Poland missile strike likely not fired from Russia, leaders say
This is not the start of World War III.
One day after an explosion in Poland killed two people, leaders across the world have arrived at the consensus that Russia did not fire the missile that struck the NATO member’s territory.
On Tuesday, Poland’s foreign ministry issued a statement that “a Russia-made missile dropped on the village of Przewodów, district Hrubieszów, Lubelskie province, and resulted in the death of two citizens of the Republic of Poland.”
However, U.S. President Joe Biden told reporters on Tuesday that preliminary information indicated that it was “unlikely” that the missile had been fired from Russia.
Polish President Andrzej Duda said on Wednesday that there is no evidence to suggest that the missile was fired by the Russians, according to The Times, a British newspaper based in London.
“There is a high probability that it was a missile used for anti-missile defense, meaning it was used by Ukraine’s defense forces,” The Times quoted Duda as saying. “Ukraine’s defense was launching their missiles in various directions and it is highly probable that one of these missiles unfortunately fell on Polish territory.”
NATO’s preliminary analysis also indicates that the explosion in Poland was likely caused by a Ukrainian air defense missile that had been fired inside Ukraine to intercept Russian cruise missiles, NATO Secretary General Jens Stoltenberg told reporters on Wednesday.
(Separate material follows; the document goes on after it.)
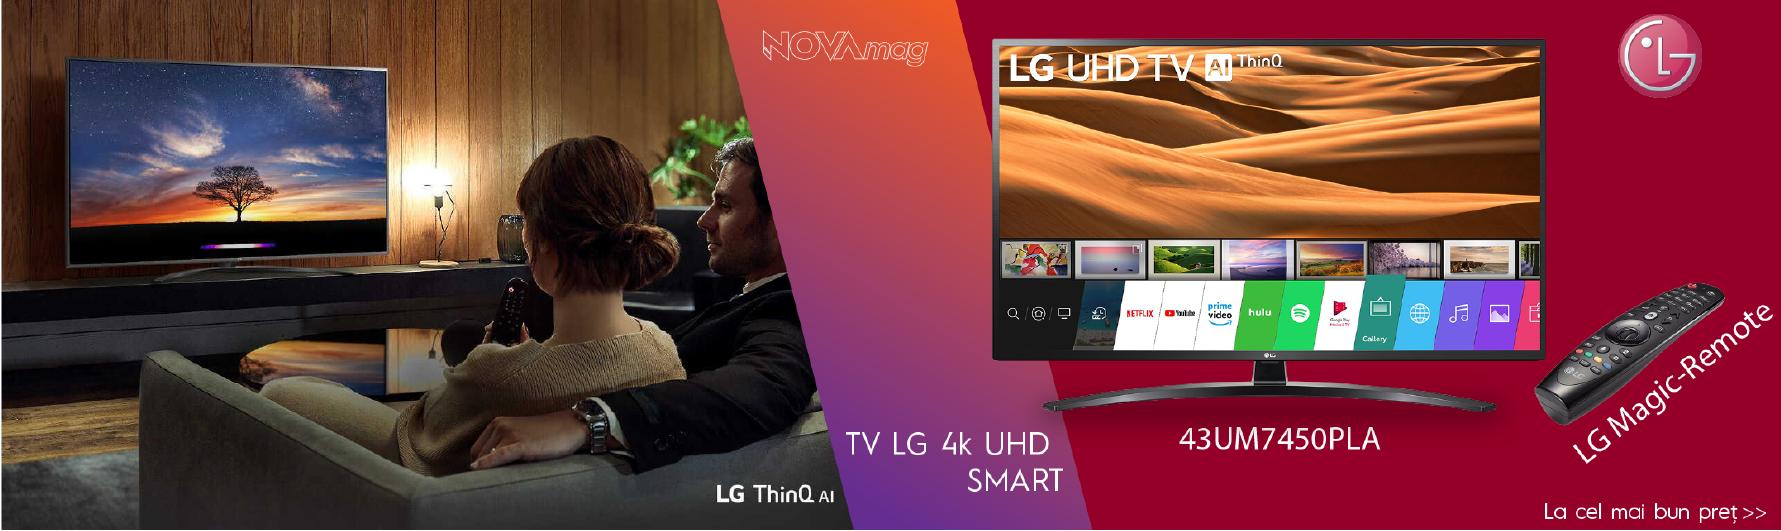 Promo LG TV+ Magic Remote

“But let me be clear: This is not Ukraine’s fault,” Stoltenberg said. “Russia bears ultimate responsibility, as it continues its illegal war against Ukraine.”
Ukraine’s military has told the United States and other allies that it tried to intercept a Russian missile around the time and location of the explosion in Poland, an unnamed U.S. official told CNN.
So far, no official has publicly identified what type of air defense system the Ukrainians might have fired at the Russian cruise missile.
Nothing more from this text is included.